About three weeks ago I was in Mui Ne, Vietnam and had a room overlooking the hotel’s pool with a shared balcony. The balcony seemed like a pretty good place to drink and be a bit rowdy at night, but the whole shared thing could easily put a damper on that if it was occupied by the wrong person. Having already met a few people who were looking to drink on the balcony, it was clear I needed to investigate this issue. I knocked on the door and decided to see what would happen. This is when I met Rob, who answered the door wearing his boxers.
It turns out that Rob and I have a fairly similar background, lived in around the same places, and found ourselves traveling for the same reasons. Although in Vietnam, he soon had to go back to Cambodia for a job that he accepted at a children’s school/sponsorship organization. (I really don’t know the exact words for the place and I’m sure he’ll correct me later…) We exchanged information before I left and established the idea that I may see him again later in Cambodia.
Well, I’m in Cambodia now – Siem Reap more specifically. Yesterday I went to visit Rob at Feeding Dreams Cambodia to get a look at the place he’s working.
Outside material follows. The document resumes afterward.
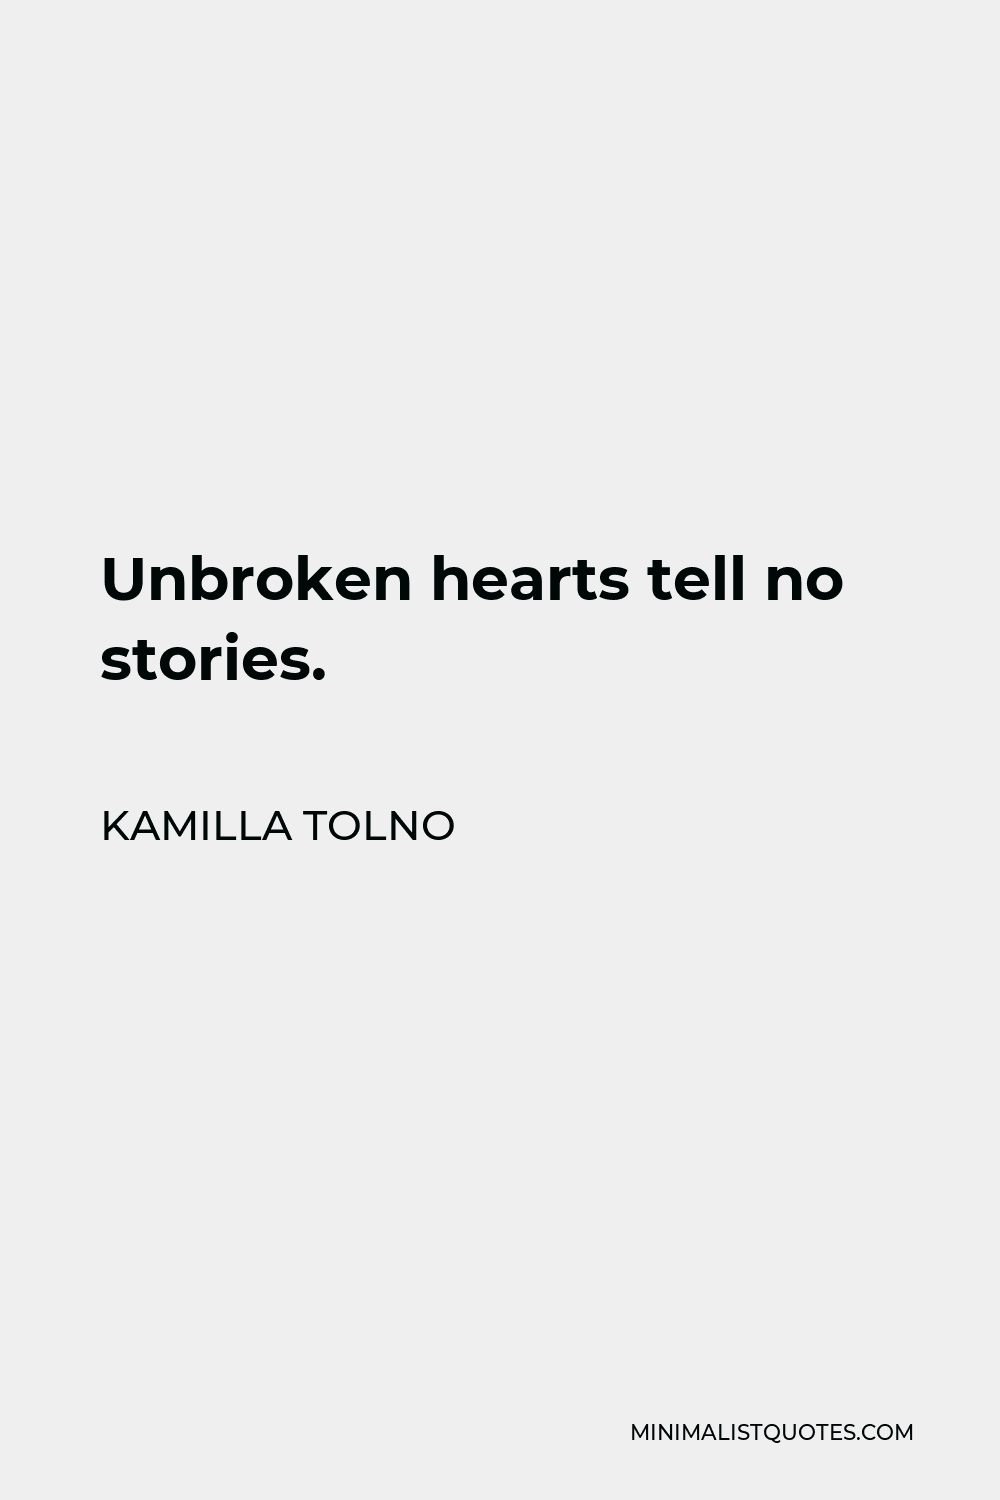 Kamilla Tolno Quote - Unbroken hearts tell no stories.

Although it would be a good first guess, he isn’t teaching English at the school – he’s serving at the Global PR Liaison.
At its core, Feeding Dreams is an education program for underprivileged children in and around the city of Siem Reap. It is the place you’re money goes to when you sponsor a kid “for only the cost of a cup of coffee each day.” While there I ended up teaching part of an English class, took a bunch of pictures, and carried four children on my back while running circles around a car. In addition to the language lessons, the organization does a lot of other things for children in the community – from getting children new clothes to rescuing them from environments where they will more than likely be sold. The key though, is the English classes. Remember that this is a country where, during the Pol-Pot era, anyone who even seemed remotely intelligent was kidnapped and killed at the various killing fields and prisons around the country. For these children, learning another language is the only method of upward mobility that exists to them. The longterm goal is that they can somehow get involved in the growing tourism industry within the country and eventually support themselves and their families with something other than their bodies.
Despite their situation in life, the children really are happy and rambunctious …children. They ran around with basketballs, jumped rope, and chased each other around the small courtyard at the school. (It should be mentioned that by school I mean all six of the classrooms are wooden huts with thatched roofs and desks that were probably made by hand no more than 10 minutes from the school itself.) Lunch for all of the kids was a half a baguette with some condensed milk spread on the inside, and the school sold snacks and drinks for what amounts to roughly 12 cents a piece.